Горделивая лошадь с лоснящейся шерстью храпит и фыркает, покусывая покрытую пеной узду.
— В парке… На скамье Габриэль…
Полукруглая замшелая скамья, опирающаяся на двойные перила лестницы, примостилась тут, словно гнездо в ветвях старой липы. В былое время в такие вечера, как сегодня, когда воздух напоен теплым благоуханием и жужжанием пчел, красавица Габриэль шептала здесь слова любви и томно вздыхала, напевая галантную песенку. А для Жанны Отман это место служит всего лишь наблюдательным пунктом. Если она не в Обители, то она здесь; беседуя с богом, она одновременно следит из-за кустов за тем, как идут хозяйственные дела, смотрит на безупречно ровные линии буковых аллей, на цветущие клумбы, на парники, стеклянные крыши которых сверкают вдоль железной дороги. Слугам это известно, так что, когда «барыня сидит под деревом», весь замок приобретает еще более подтянутый, более строгий вид, чем обычно.
— Душа, желающая слиться с богом, должна забыть все бренное, отречься от всех земных привязанностей…
Поднимаясь по высоким, закругляющимся ступеням лестницы, банкир слышит холодный голос своей жены. В ответ ей раздаются рыдания Ватсон. Бедная Ватсон вернулась из поездки взволнованная, измученная, как никогда, и воспоминание об оставленных ею детях терзает ее, не дает ей покоя.

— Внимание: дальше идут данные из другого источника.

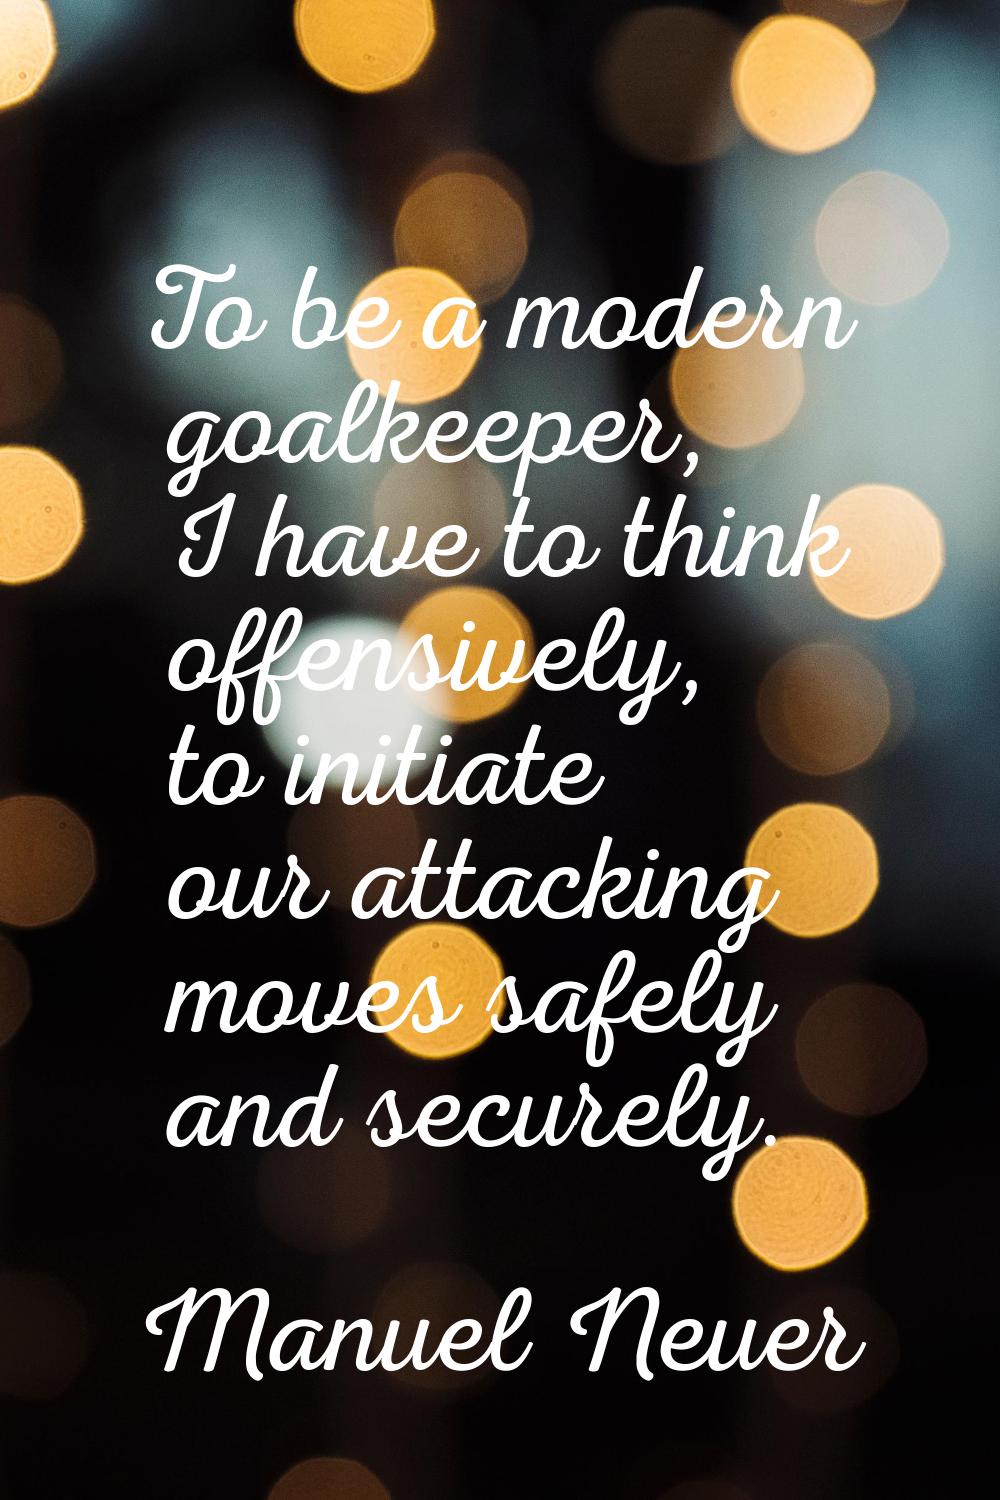 To be a modern goalkeeper, I have to think offensively, to initiate our attacking moves safely and

Жанна возмущается и бранит ее, слезы матери ничуть ее не трогают, ибо ей-то Христос «даровал силу».
— Здравствуйте… — говорит она Отману и спешит подставить ему лоб для поцелуя, чтобы вернуться к разговору с Ватсон.
Но он твердо заявляет:
— Мне надо поговорить с вами, Жанна…
По его горящему взгляду, по нервному движению, каким он стиснул ей руку, она поняла, что настал час объяснения, которое так долго откладывалось.
— Ступай, дочь моя… — велит она Ватсон.
И вот она ждет с удрученным видом, с жестким выражением лица, какое бывает у женщины, которая не любит и знает, что сейчас ей будут говорить о любви.
Отман сел рядом с ней и тихо начал:
— Зачем вы вырываете руку, Жанна? Зачем отнимать то, что было вами дано?.. Нет, нет, вы отлично понимаете. Не смотрите на меня так, глаза ваши лгут… Вы принадлежали мне, почему же вы теперь отвергаете меня?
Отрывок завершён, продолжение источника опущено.